La cinémathèque d'Oran a abrité pendant toute une semaine la projection du dernier film d'Ahmed Rachedi: «Mostefa Ben Boulaïd». Ce très long-métrage, d'une durée de deux heures quarante minutes, raconte l'histoire de la célèbre personnalité algérienne, acteur au premier plan de la lutte pour l'indépendance, à savoir Mostefa Ben Boulaïd. Si le film dure presque trois heures, force est de reconnaître que le spectateur ne trouve pas le temps de s'ennuyer ; et là est le tour de force de ce long-métrage qui arrive tout bonnement à captiver l'attention du commun des mortels et de faire en sorte que tout le monde, d'une façon ou d'une autre, soit désireux de suivre le déroulement de l'histoire jusqu'à sa fin.

Très pointilleux sur les événements historiques, le réalisateur tente de reproduire avec justesse les événements importants qui ont marqué la vie de Mostefa Ben Boulaïd et, de facto, la révolution algérienne. Parmi ces scènes, on peut compter celle où, seul à seul avec Messali Hadj, les deux hommes ont clairement montré leur divergence quant à la tenue imminente de la révolution algérienne. «Ce que vous faites, c'est de l'aventurisme, lui dit Messali Hadj, vous vous trompez sur toute la ligne et l'histoire ne vous le pardonnera jamais !» Autre scène marquante, celle du jour où fut créé le Front de libération nationale, Front ne devant servir que pour apporter l'indépendance au peuple algérien.

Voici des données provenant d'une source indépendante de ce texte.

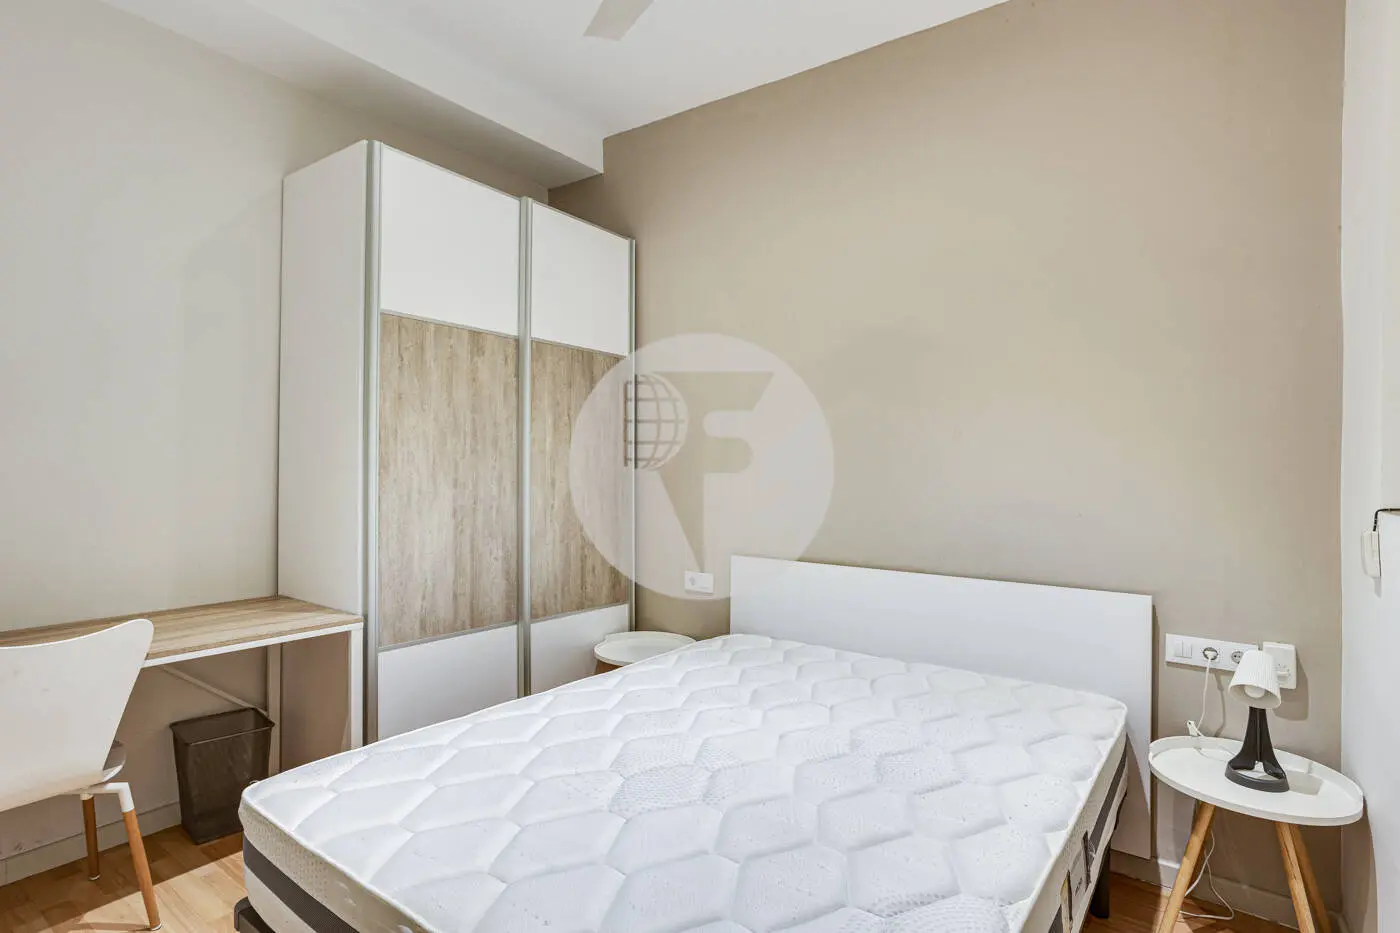 Magnificent apartment for sale next to Pl Universitat of 114m2 according to the land registry, located on Tallers Street in the Ciutat Vella neighborhood of Barcelona 9

 Par cette scène, on a l'air de comprendre, en lisant entre les lignes, que Mostefa Ben Boulaïd croyait en une vraie démocratie pour le devenir de son pays. «Qu'importe leur courant politique, dit-il dans cette scène, pourvu que tous rejoignent leur Front, avec un seul mot d'ordre, l'indépendance du pays.» On peut d'ailleurs penser, à voir cette scène, que le réalisateur a d'emblée voulu laver les mains de ce moudjahid et démontrer qu'il n'était en rien responsable des «dérives autoritaires» de quelques-uns de ses camarades, après l'indépendance. On peut aussi relater la scène de sa rencontre, en Tunisie, avec le chef de cabinet du gouverneur d'Alger, Jacques Soustelle, et de sa façon détachée et sereine de mener cette conversation, sans tomber sous le charme «corrupteur» de son interlocuteur.

Mais la scène la plus longue, et peut-être la plus caractéristique du film, est bien sûr celle de son emprisonnement à la prison Koudiat de Constantine, où il fut condamné à mort. En accord avec ses codétenus, qui pour la plupart ont pleinement rejoint la cause de l'indépendance nationale, ils décidèrent, tout simplement, de s'évader du pénitencier. Dans cette scène, la plus longue de tout le film, le comique se mêle au tragique et cela donne un résultat probant. Effectivement, la scène de l'évasion nous fait penser peu ou prou à Steve McQueen dans «la Grande évasion». Et puis, au final, le clou du film, le jour de la mort de Ben Boulaïd, le 22 mars 1956, où il fut victime d'une radio piégée, parachutée par une unité de l'armée française.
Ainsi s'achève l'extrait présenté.